I'd just like the point out that the real life reference from WW 2 is false. For example, the SS had superior training, and had a ridiculously high kill ratio, a prime example of the "super soldier" theory works. This also goes for all other branches of the German war machine... while not on super soldier level, their superior training and insane dicipline, made them extremely effective soldiers who generally caused more casualties than they took. Again, the extreme example would be the SS, which had a very rigorous selection process, better weapons, better training and a fanatical dedication. Not surprisingly, the Space Marines were likely based on them. "But the allies won the war!" Yes, because they outproduced and outnumbered the Germans, but because they outfought them. This was also shown again during the vietnam war, where the Americans had a much higher kill ratio than the vietcong, and more recently in the middle east, where the American troops completely dominate their opponents. In the latter case, take into account that the Americans have to follow the laws of war and basically treat their enemies humanely... this isn't the case in most fiction, so if you imagine Iraq fighting against a fascist America, the war would have been over in a week, as there would be no more Iraqis left to fight.

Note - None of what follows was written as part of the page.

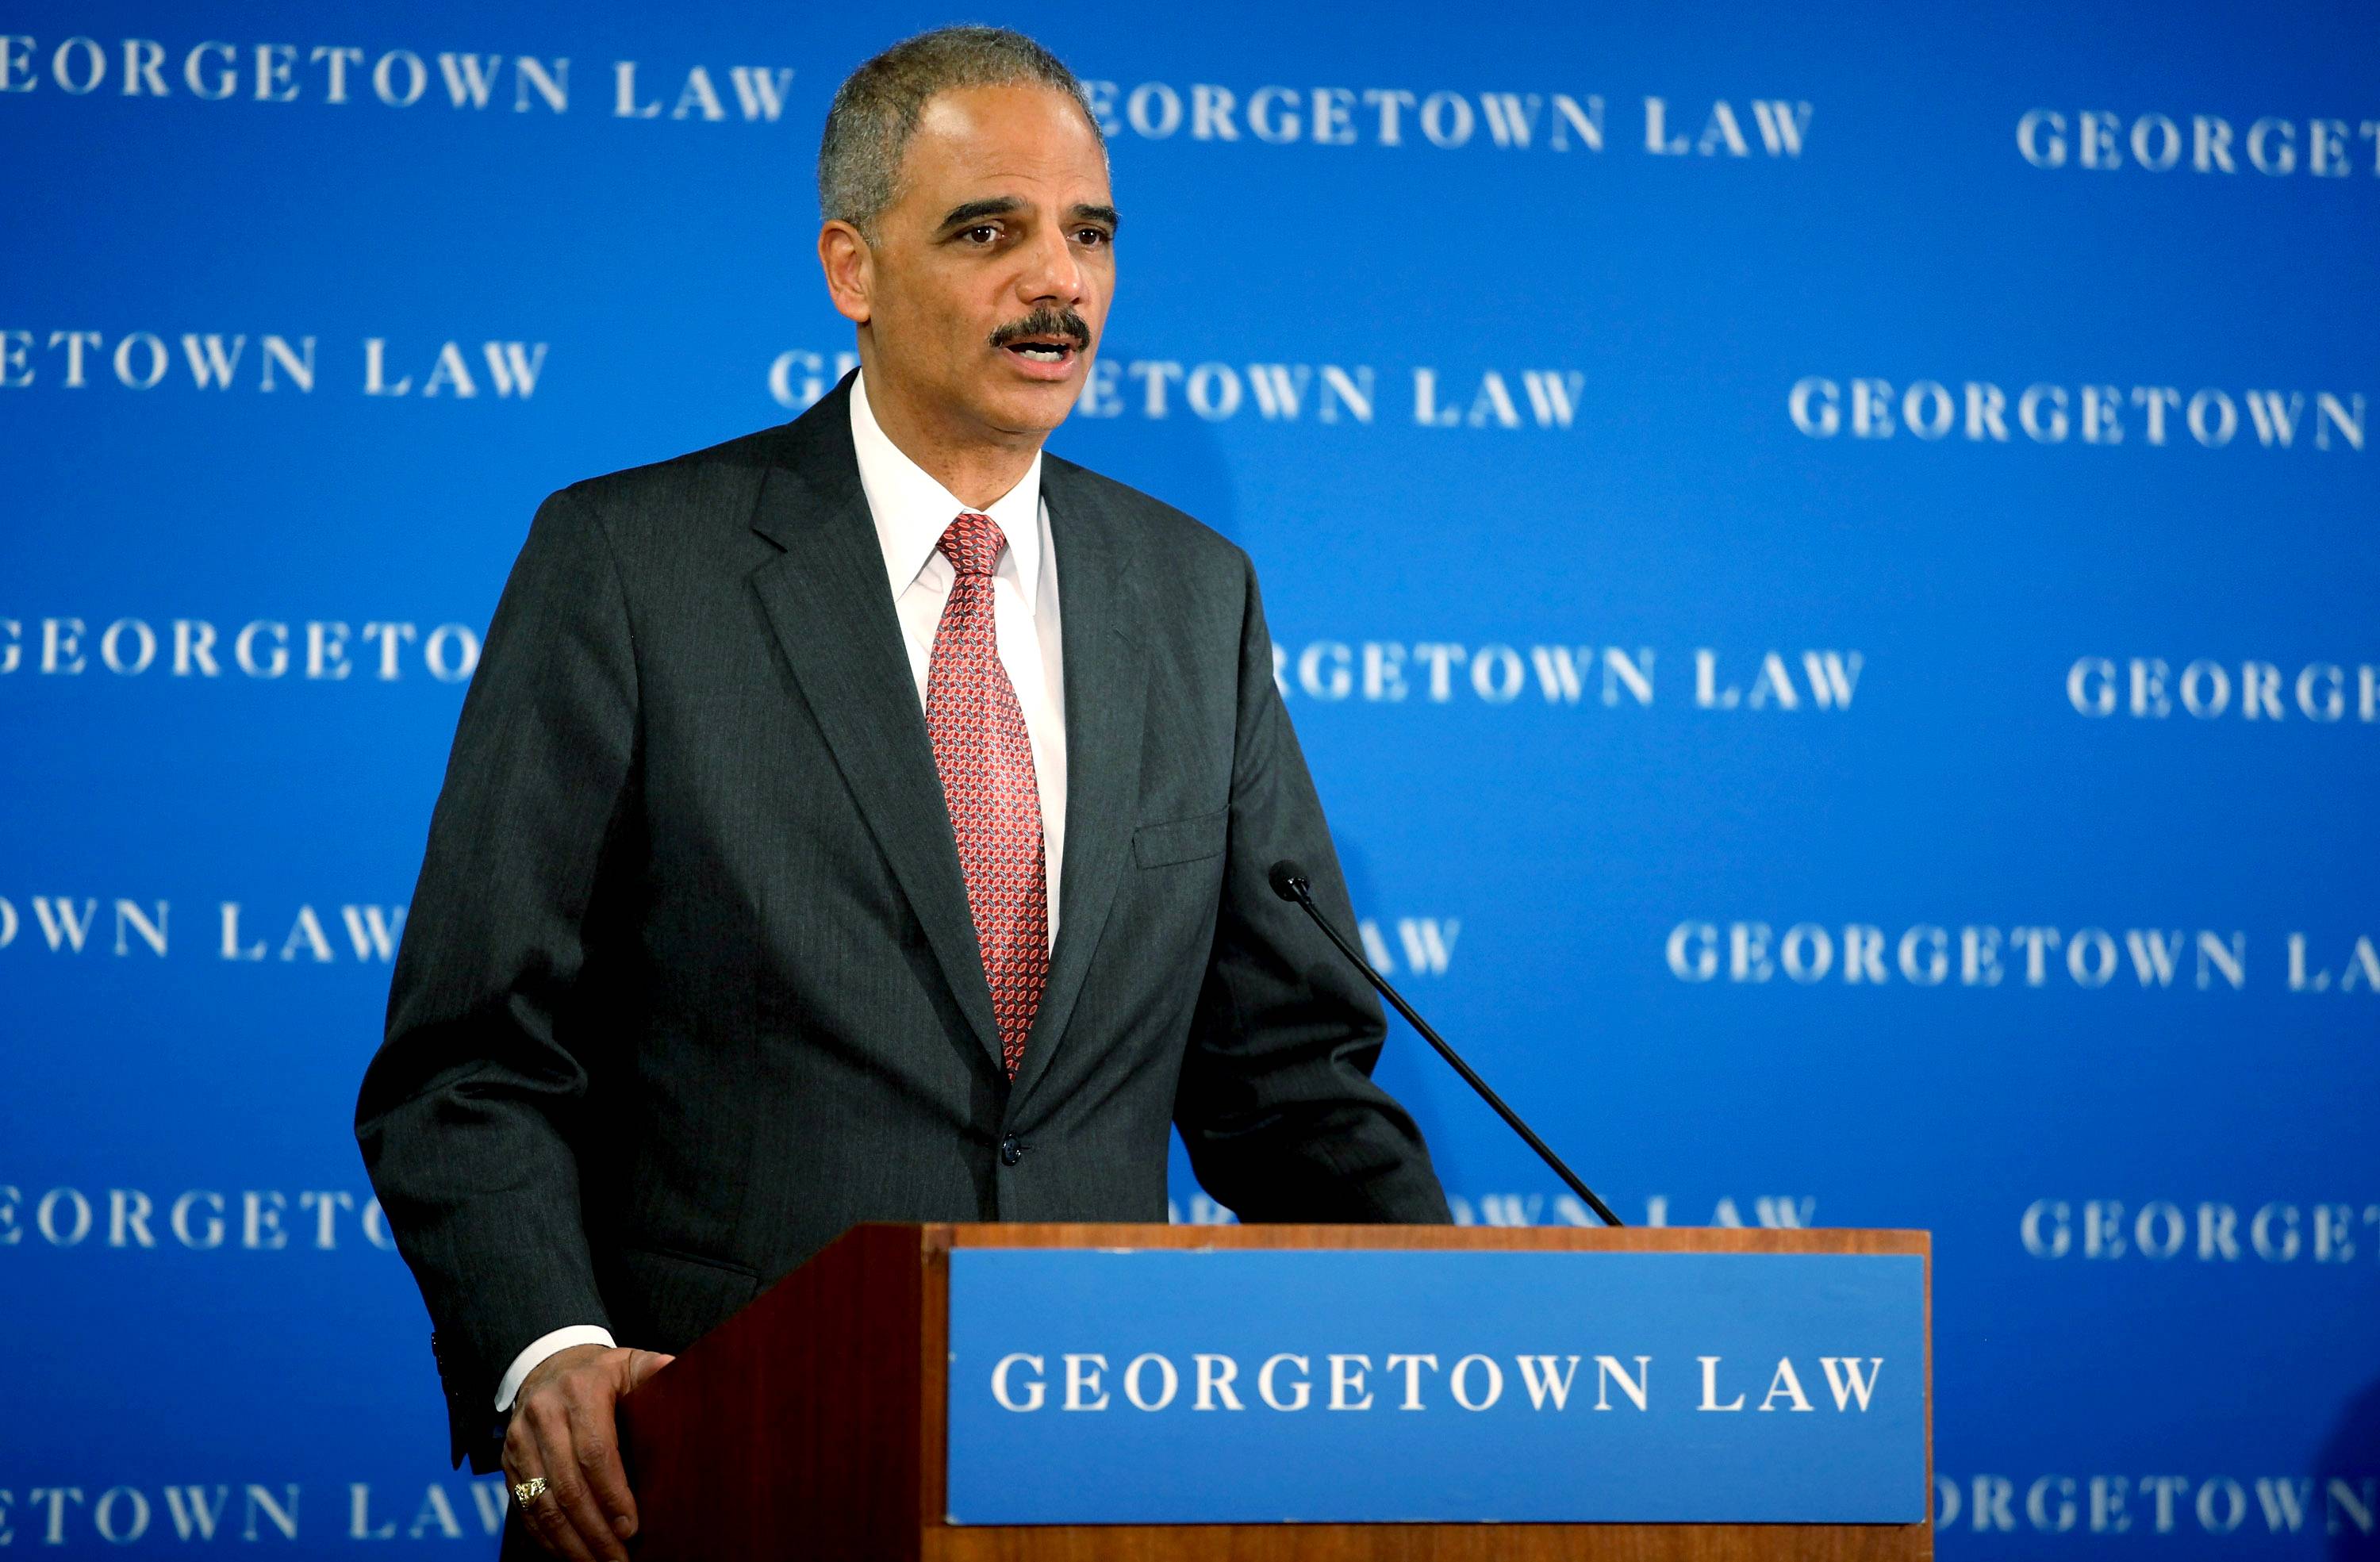 Eric Holder Says Voter ID Laws Are a Solution to a Problem That Doesn’t Exist - Last week Attorney General&nbsp;Eric Holder&nbsp;harshly criticized the wave of voter identification laws sweeping the country and defended the&nbsp;Justice Department’s role in blocking those laws from taking effect in some states. The department also recently&nbsp;rejected Texas’s voter identification law, saying it would disenfranchise a large number of Hispanic voters.(Photo: Chip Somodevilla/Getty Images)

  • Micheal Z. Williamson's "The Weapon" has the Freehold's special forces Operatives undergo similar training, to the point that One hundred or so of them with minimal support pretty much destroy the UN ruled Earth, killing billions in the the process.
    • Before anyone's suspension of disbelief entirely implodes, some points: the Operatives required years of preparation, their acts of sabotage included the use of tacnukes, bioweapons, and nerve gas, and there was only one Operative who survived the massive Earth-wide manhunt for them after their attack and that only by pure luck bordering on divine providence.

I only read forum posts about the book (apparently it's bad), but I thought the main attack involved crashing starships into the surface, using jump drives of some kind to bypass Earth's space defenses. —Document N

Chuckg: No, the suicide ramming spaceships were largely used against UN ships and bases in orbit around Freehold. The Operatives' attack on Earth was terrorism on an epic scale, often involving WM Ds.


Chuckg: Re: Cassandra Cain's usefulness, the answer is, she was intended to be a living weapon for Ra's al Ghul. Presumably all the logistics of reading, writing, target selection, transport, housing, etc., would be taken care of for her — they'd simply show her a picture of the target, turn her loose on a rooftop adjacent from the target's place of residence, and step back to watch the fireworks. After the mission's over, she comes back, they clean her up and give her a ride home. Think of it as owning a self-deploying reusable cruise missile with feet.